Fig. 3. Evolution in CD8 T cell clonotypes after anti-PD1 immunotherapy and JAK inhibition correlates with treatment and response.

(A) UMAP of peripheral CD8 T cell subtypes analyzed by scRNA/TCR-seq from the start of cycles 1, 2, 4, and 6 from aPD1.R patients (n=2), JAKi.R patients (n=3), NR patients (n=3), and a separate cohort of patients treated with anti-PD1 monotherapy (aPD1.m) (n=2). (B) GSVA enrichment scores for each CD8 T cell cluster (x-axis) using the indicated CD8 T cell subtype gene set (y-axis). Source of the gene sets are indicated. (C) Enrichment scores for select gene sets overlaid on the UMAP from (A). (D) UMAP from (A) showing the frequency (expansion) of clonotypes belonging to the indicated color-coded CD8 T cell subtype (size of dot). Clonotypes that belonging to other subtypes are shown in grey. (E) Cumulative frequencies for expanded TCR clonotypes belonging to the indicated CD8 T cell subtype. Data for individual patients are pooled by treatment group. Cycles when JAKi was added to anti-PD1 are highlighted in beige.

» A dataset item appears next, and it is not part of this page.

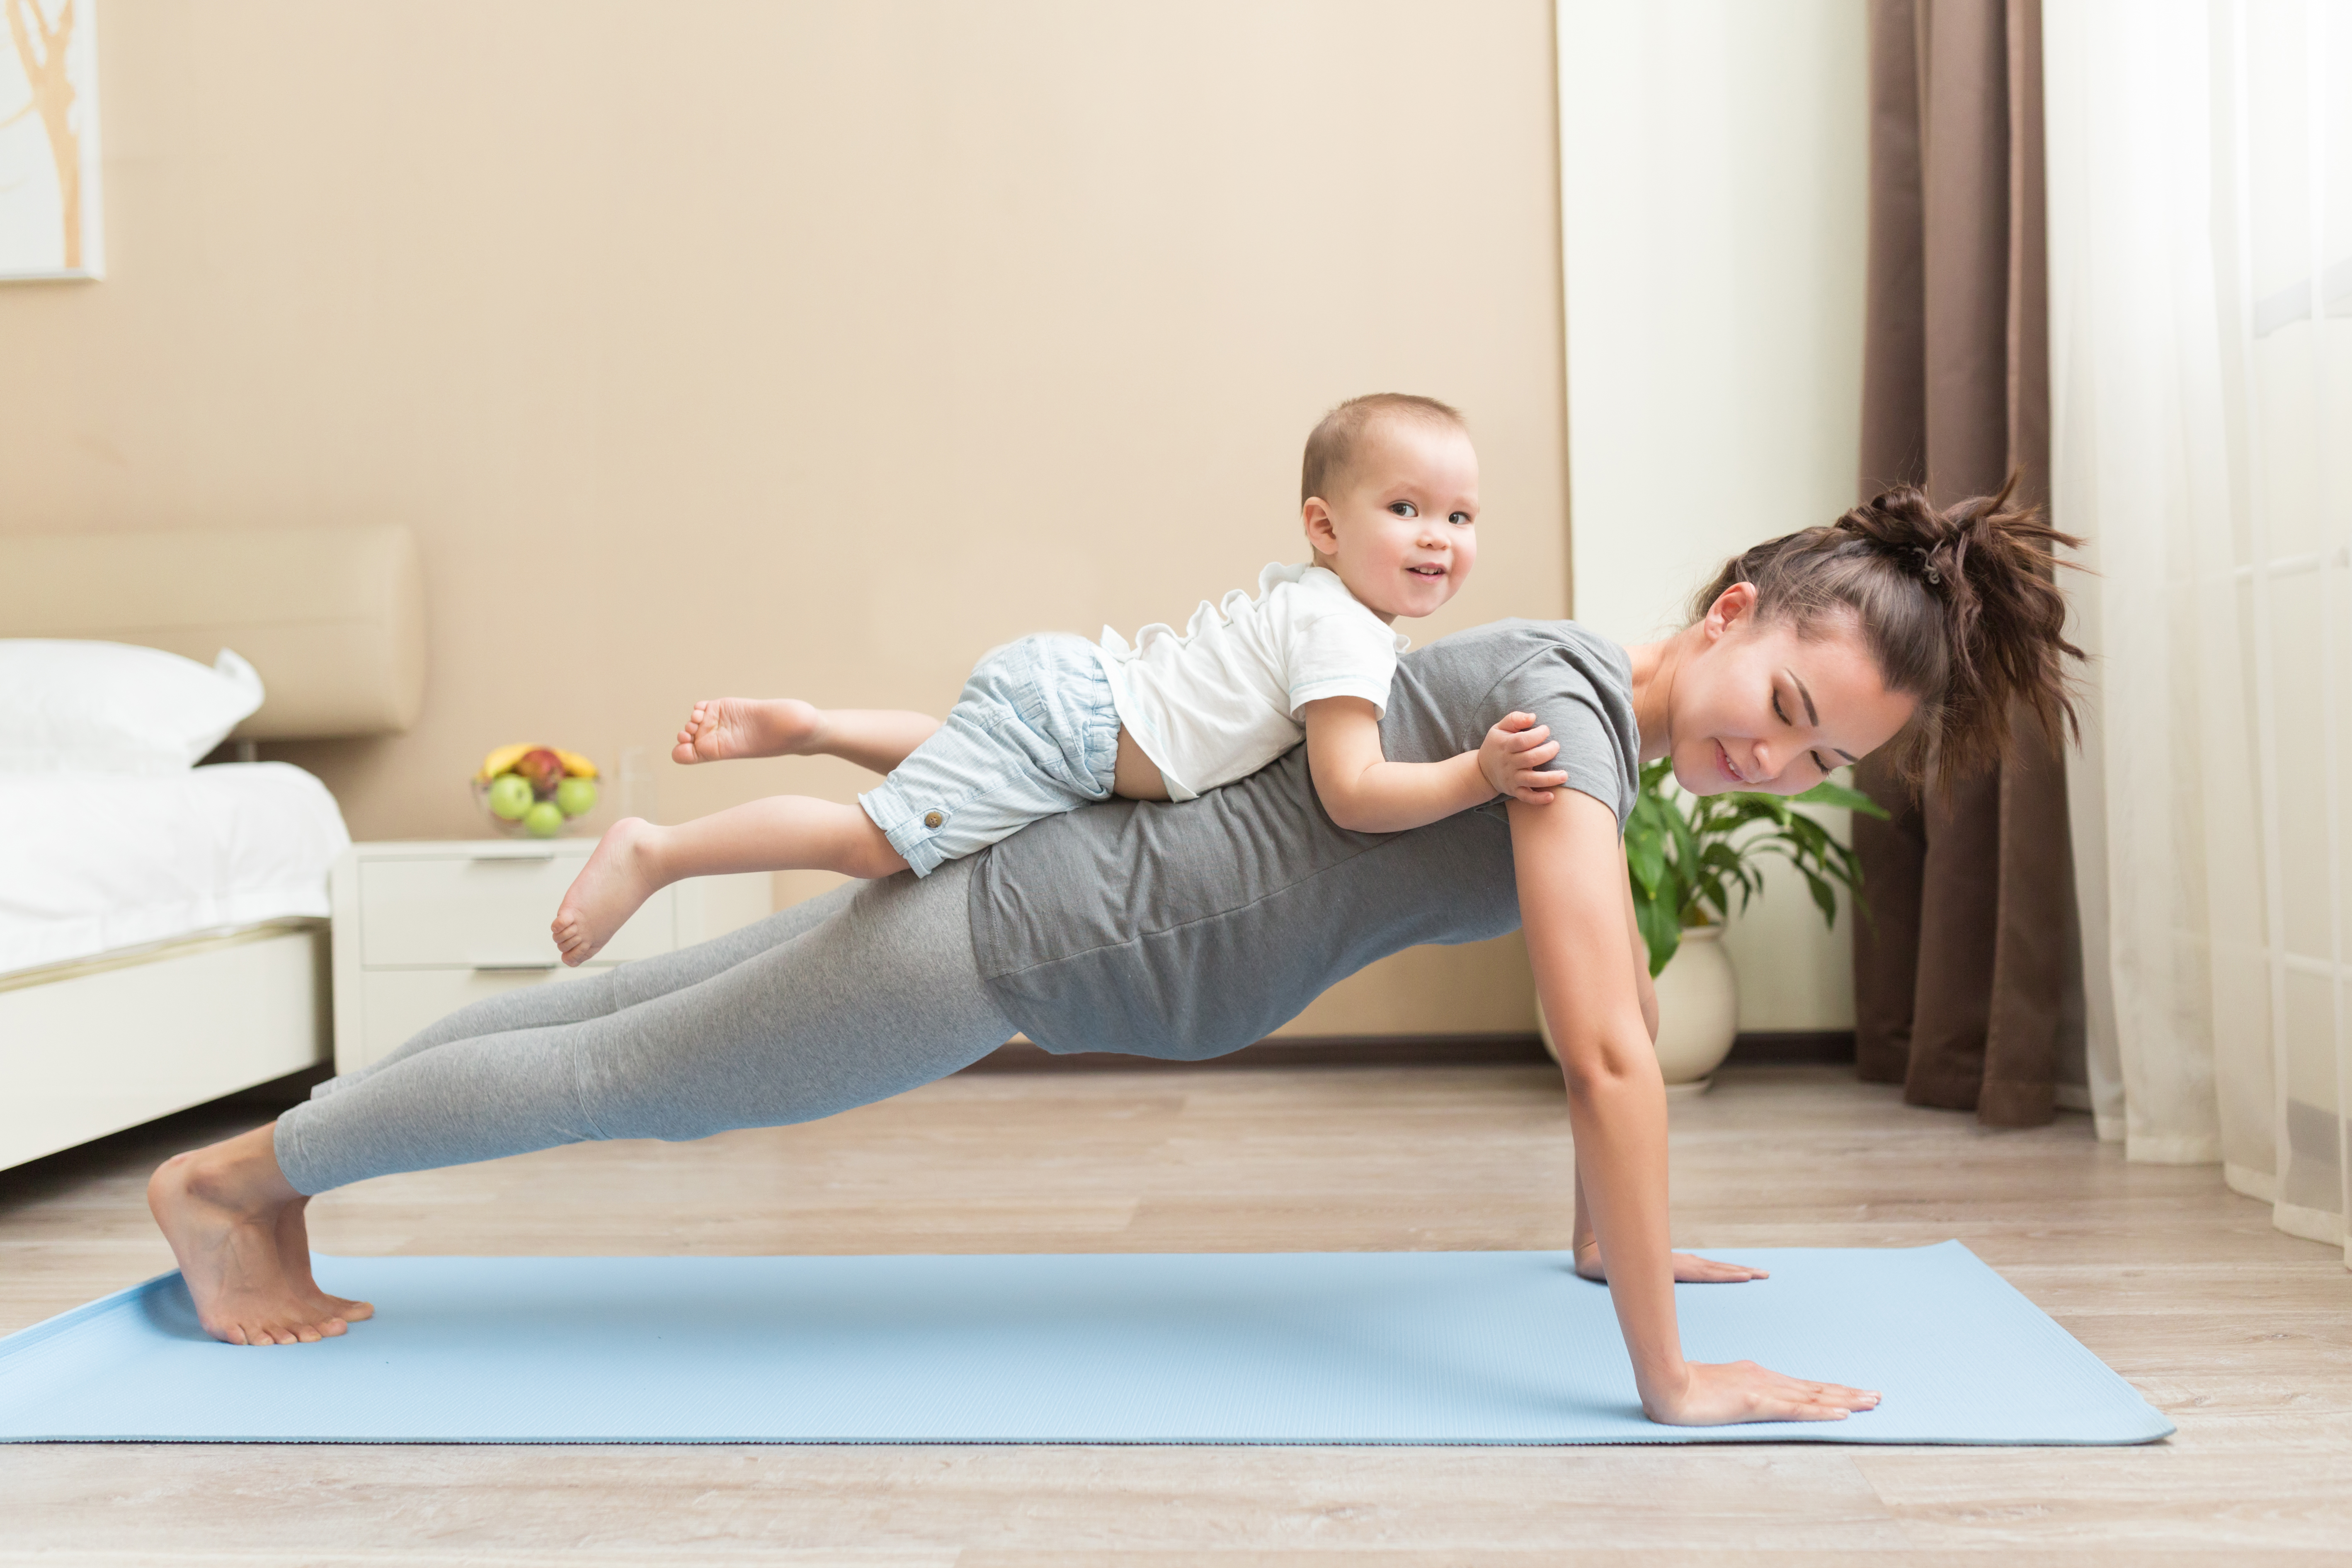 A woman exercising with her child on her back | Source: Shutterstock

(F) Clonotype expansion score (measuring degree of clonality) for pre.prog CD8 T cells from each indicated response group. Cycles when JAKi was added to anti-PD1 are highlighted. For longitudinal data, significance was determined by a repeated measures ANOVA using a mixed effect model and post-hoc interaction analysis. Error bars represent SEM.